GARBAGE IN, GARBAGE out. If you feed a machine’s learning system bad or biased data — or if you’ve got a monolithic team building the software — it’s bound to churn out skewed results. That’s what researchers like Chowdhury, Buolamwini, Noble, and Gebru have been warning about for so long.
Seeta Peña Gangadharan, a London School of Economics professor, has been raising a different set of concerns. She’s worried that AI and its derivatives could push marginalized communities even further to the edge — to the point of locking them out.
We all know how annoying it is when you get stuck talking to some automated system when you’re returning a pair of jeans or changing a plane ticket. You need a human’s help; there’s no menu option to get it. Now imagine getting trapped in that same unhelpful loop when you’re trying to get welfare benefits, seek housing, apply for a job, or secure a loan. It’s clear how the impacts of these systems aren’t evenly felt even if all that garbage is cleaned up.
Gangadharan co-founded Our Data Bodies, a nonprofit that examines the impact of data collection on vulnerable populations. In 2018, a member of her team interviewed an older Black woman with the pseudonym Mellow who struggled to find housing through the Coordinated Entry System, which Gangadharan explains functions like a Match.com for the unhoused population of Los Angeles. Caseworkers would add her information to the system and tell her that she was ineligible because of a “vulnerability index” score. After appealing several times to no avail, Mellow cornered a city official at a public event; the official greenlighted a review to get her placed.
“I’ve been really concerned about the inability of humans generally, but members of marginalized communities specifically, to lose the capacity to refuse or resist or decline the technologies that are handed to them,” Gangadharan says.
“So with LLM and generative AI, we have a new, more complex, and more seemingly inevitable technology being thrust in our faces.… Agencies are going to turn to a tool that promises efficiencies and cost savings like AI. Right? They are also sold as tools that will eliminate human bias or human error. These institutions, whether government or private institutions, they’re going to rely on these tools more and more. What can end up happening is that certain populations become the guinea pigs of these technologies, or conversely, they become the cheap labor to power these technologies.”
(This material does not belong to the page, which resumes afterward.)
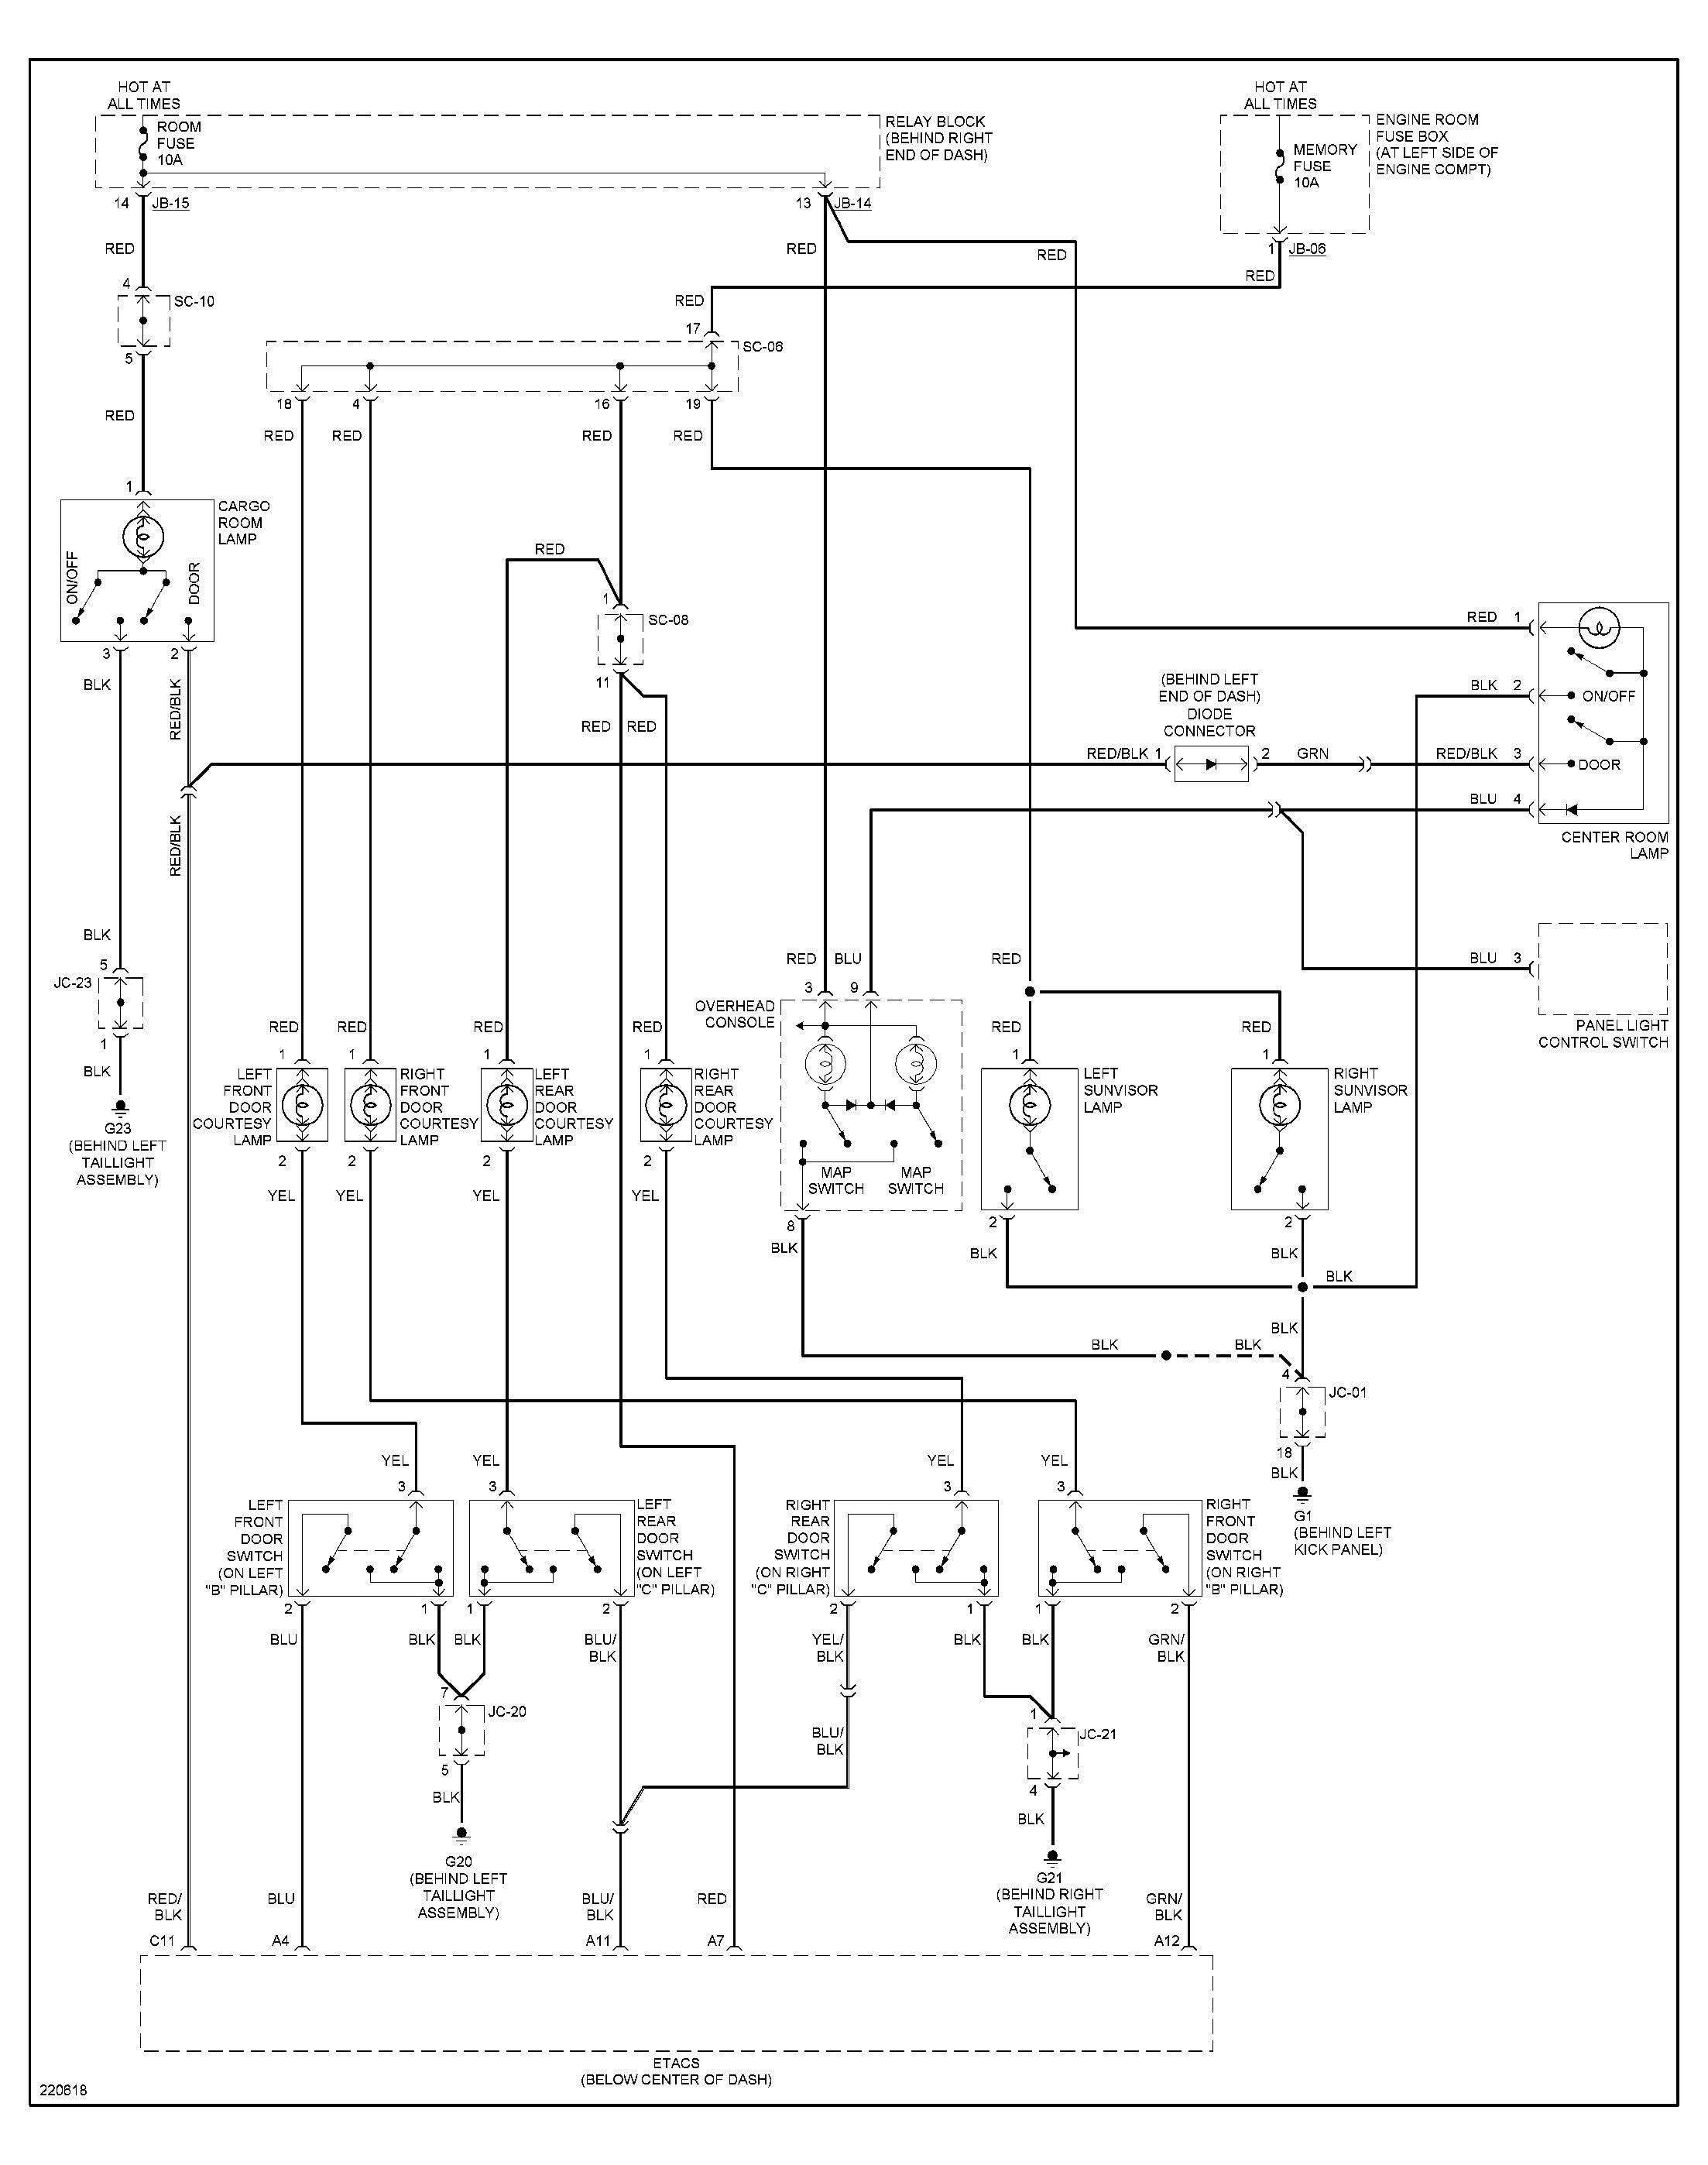 Kia Rio Engine Diagram Kia Sportage Sportage Kia

NOBLE, GEBRU, BUOLAMWINI, Chowdhury, and Gangadharan have been calling for regulation for years, as soon as they saw the harm automated systems have on marginalized communities and people of color. But now that those harms could extend to the broader population, governments are finally demanding results. And the AI Doomers are stepping in to tackle the problem — even though they stand to make a fortune from it. At least, that’s what they want you to think.
President Biden met with some of the AI Doomers in July, and came up with a series of voluntary, nonbinding measures that “seem more symbolic than substantive,” The New York Times noted. “There is no enforcement mechanism to make sure companies follow these commitments, and many of them reflect precautions that AI companies are already taking.” Meanwhile, the Doomers are quietly pushing back against regulations, as Time reported Open AI did by lobbying to water down the EU’s landmark AI legislation.
“There is such a significant disempowerment narrative in Doomer-ism,” Chowdhury says. “The general premise of all of this language is, ‘We have not yet built but will build a technology that is so horrible that it can kill us. But clearly, the only people skilled to address this work are us, the very people who have built it, or who will build it.’ That is insane.”
Gebru spent the months following her Google fiasco dealing with the resulting media storm, hiring lawyers and fending off stalkers. She lost weight from the stress. Handling the fallout became a full-time job.
When it was time to decide what to do next, she knew she didn’t want to return to Silicon Valley. Gebru opened the Distributed AI Research institute (DAIR), which focuses on independent, community-driven research into technologies — away from Big Tech’s influence. She prioritized recruiting not just researchers but labor organizers and refugee advocates — people she’d “never be able to hire in academia or industry because of all … the gatekeeping that makes sure these kinds of people don’t get to influence the future of technology.”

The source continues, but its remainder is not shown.